Users can add catalog-backed servers, custom STDIO servers, and custom HTTP servers. The app lets you create, edit, enable, disable, and delete them. It also validates config, stores config securely, and supports OAuth flows for the HTTP MCP servers that need it.
The curated MCP catalog in the code currently includes a small set of entries, including Git and Playwright. That catalog is there to make common servers easier to start with, not to define the whole boundary of what MCP can do in Sentinel.


Integrations
Integrations connect Sentinel to external systems the app can act on directly.
The current provider list includes Gmail, Google Calendar, Google Drive, Airtable, Slack, Notion, GitHub, Linear, PostgreSQL, MySQL, MongoDB, Yahoo Finance, arXiv, and PubMed.

The difference from MCP is that these are built-in product integrations. Sentinel already knows how to render them, authorize them, and turn their results into app-native thread output.
Integration auth types
Depending on the provider, an integration can use OAuth, connection config, or no auth at all.

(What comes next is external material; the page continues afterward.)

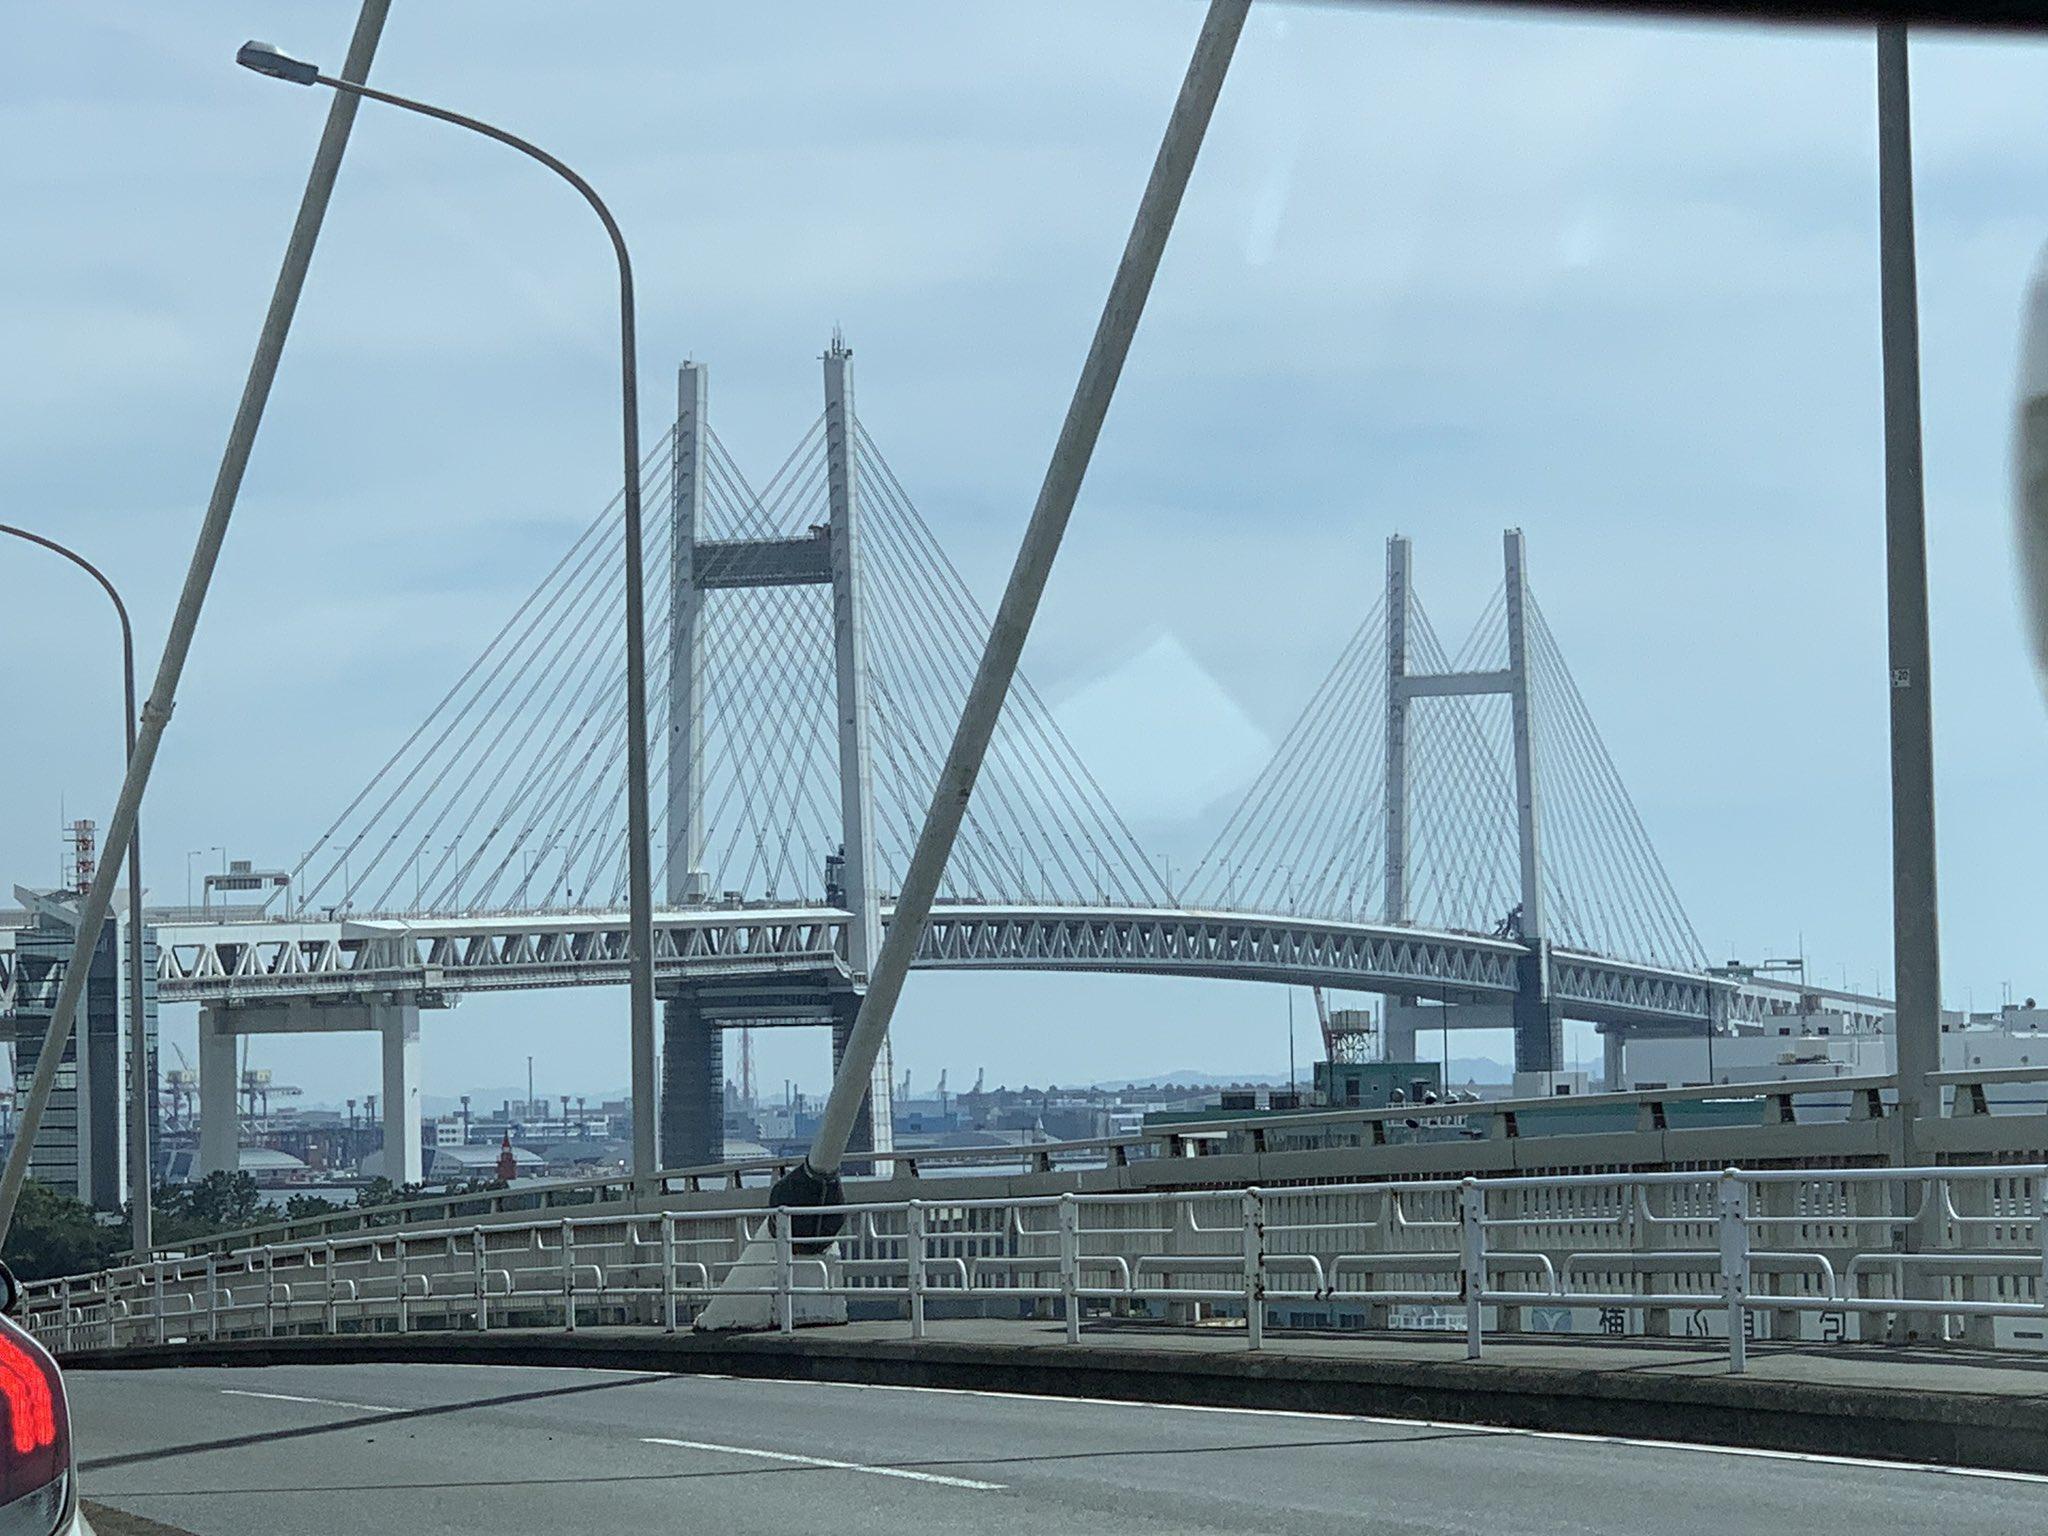 画像,大黒大橋ダラダラ進行中ー。ベイブリッジほんとに止まってんだな… https://t.co/n5qvRz5OFq。

The integrations settings UI reflects that split. Database providers open one setup flow, OAuth providers use another, and authless providers can be enabled directly. That is mostly a product detail, but it helps explain why the settings UI does not look identical across every provider.
Practical difference
Use MCP when you want a server-shaped protocol integration and you are comfortable treating the external capability as a tool server.
Use the integrations system when Sentinel already has a built-in workflow for that external system and you want the app to handle the auth, state, and UI around it.